**What to work on:**
The material below has pictures in it. Set down only the lines from the line containing "EU36 / US5.5" through the line containing "Floral Print Short", word for word, and leave the pictures behind.
:: Data supplied ::
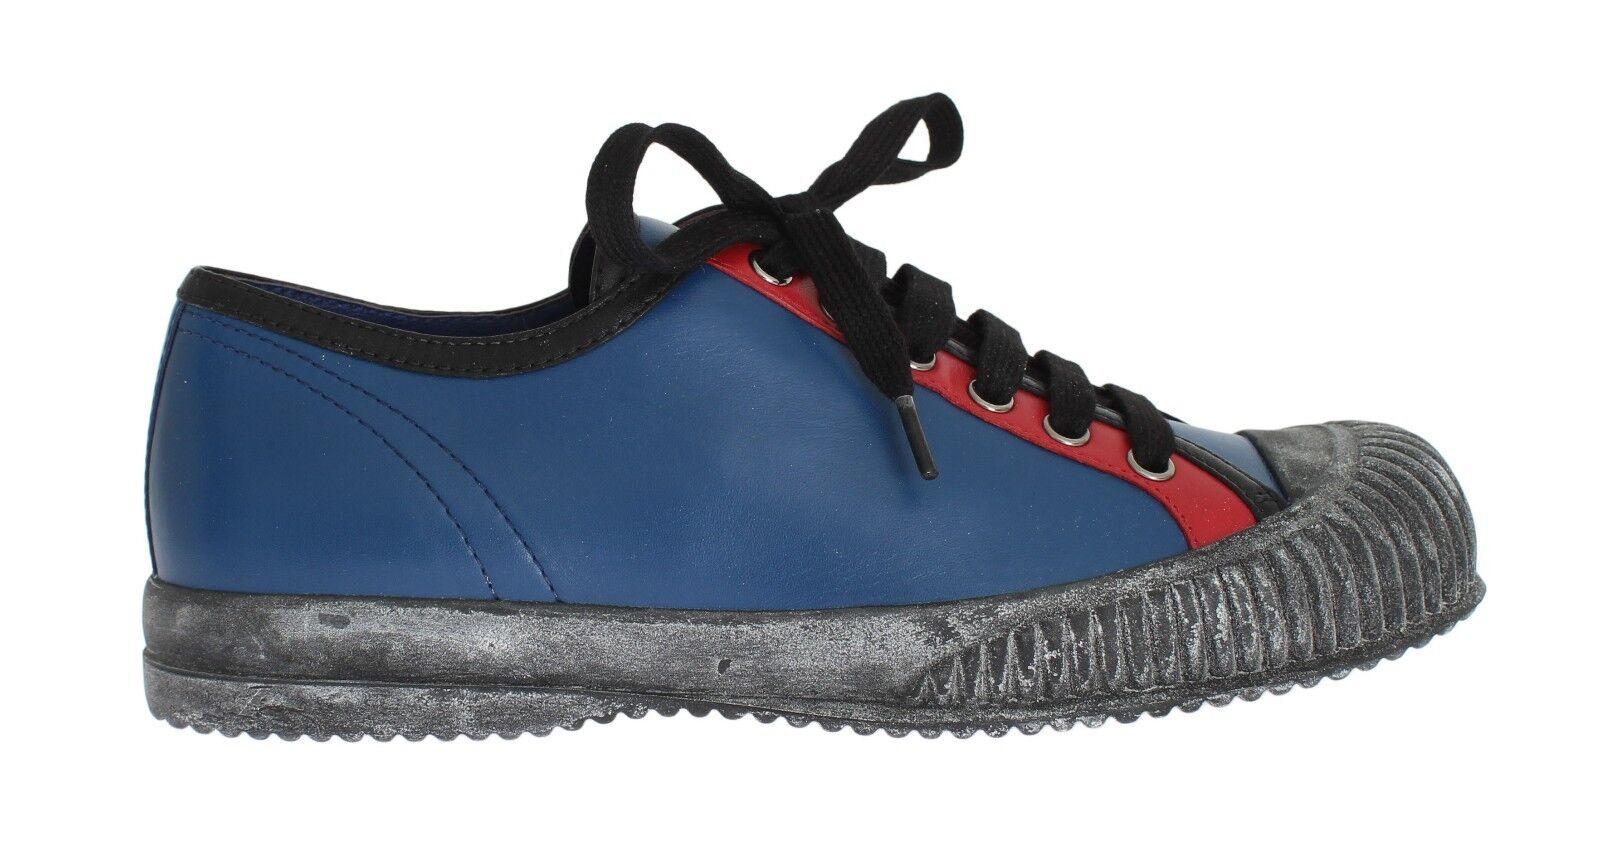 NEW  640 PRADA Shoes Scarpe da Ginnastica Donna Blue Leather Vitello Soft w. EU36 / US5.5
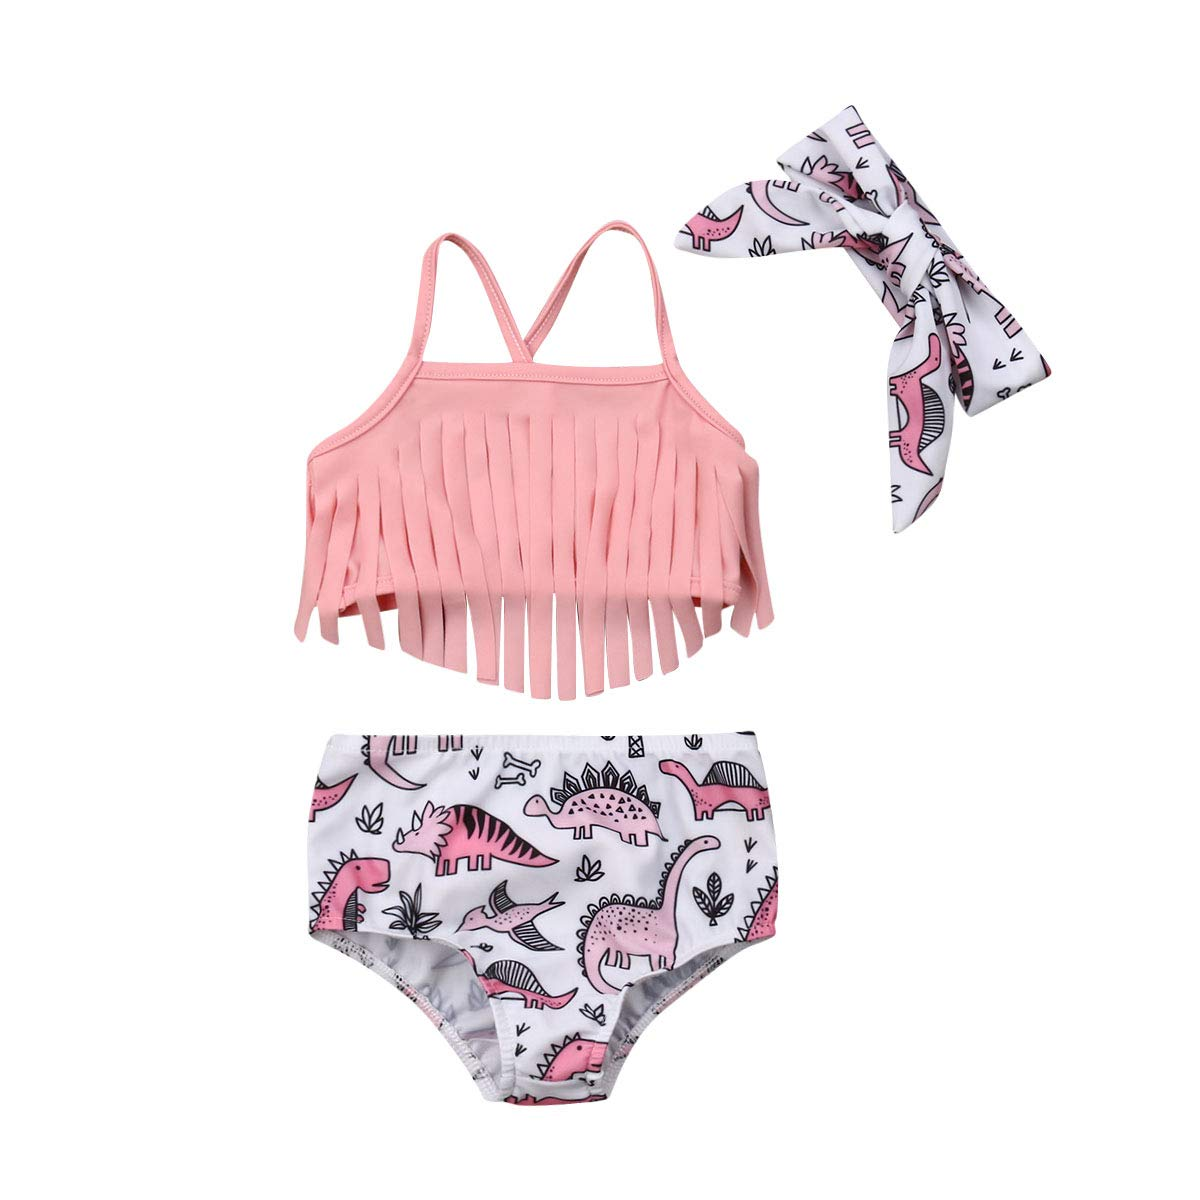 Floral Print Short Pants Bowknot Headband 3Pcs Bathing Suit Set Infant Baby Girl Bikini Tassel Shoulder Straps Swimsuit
:::
:: Data supplied ::
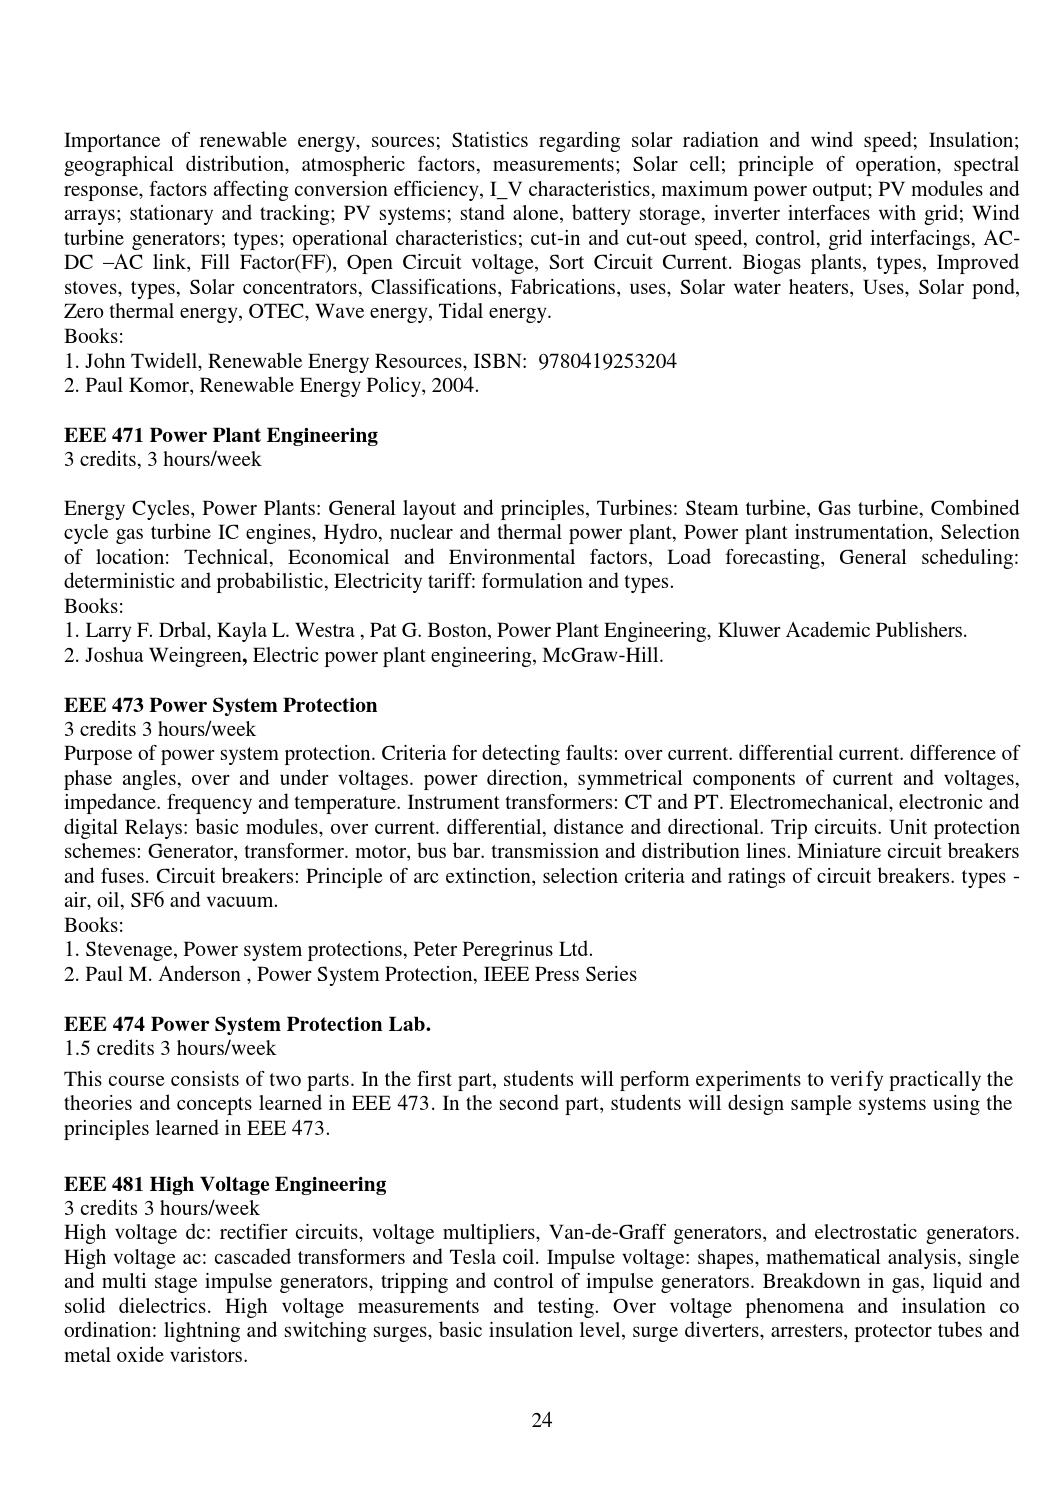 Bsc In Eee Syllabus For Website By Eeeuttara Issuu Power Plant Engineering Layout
:::
:: Data supplied ::
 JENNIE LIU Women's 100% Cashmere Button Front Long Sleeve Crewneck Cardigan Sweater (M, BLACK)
:::
**Answer to this task:**
 NEW  640 PRADA Shoes Scarpe da Ginnastica Donna Blue Leather Vitello Soft w. EU36 / US5.5
 Floral Print Short Pants Bowknot Headband 3Pcs Bathing Suit Set Infant Baby Girl Bikini Tassel Shoulder Straps Swimsuit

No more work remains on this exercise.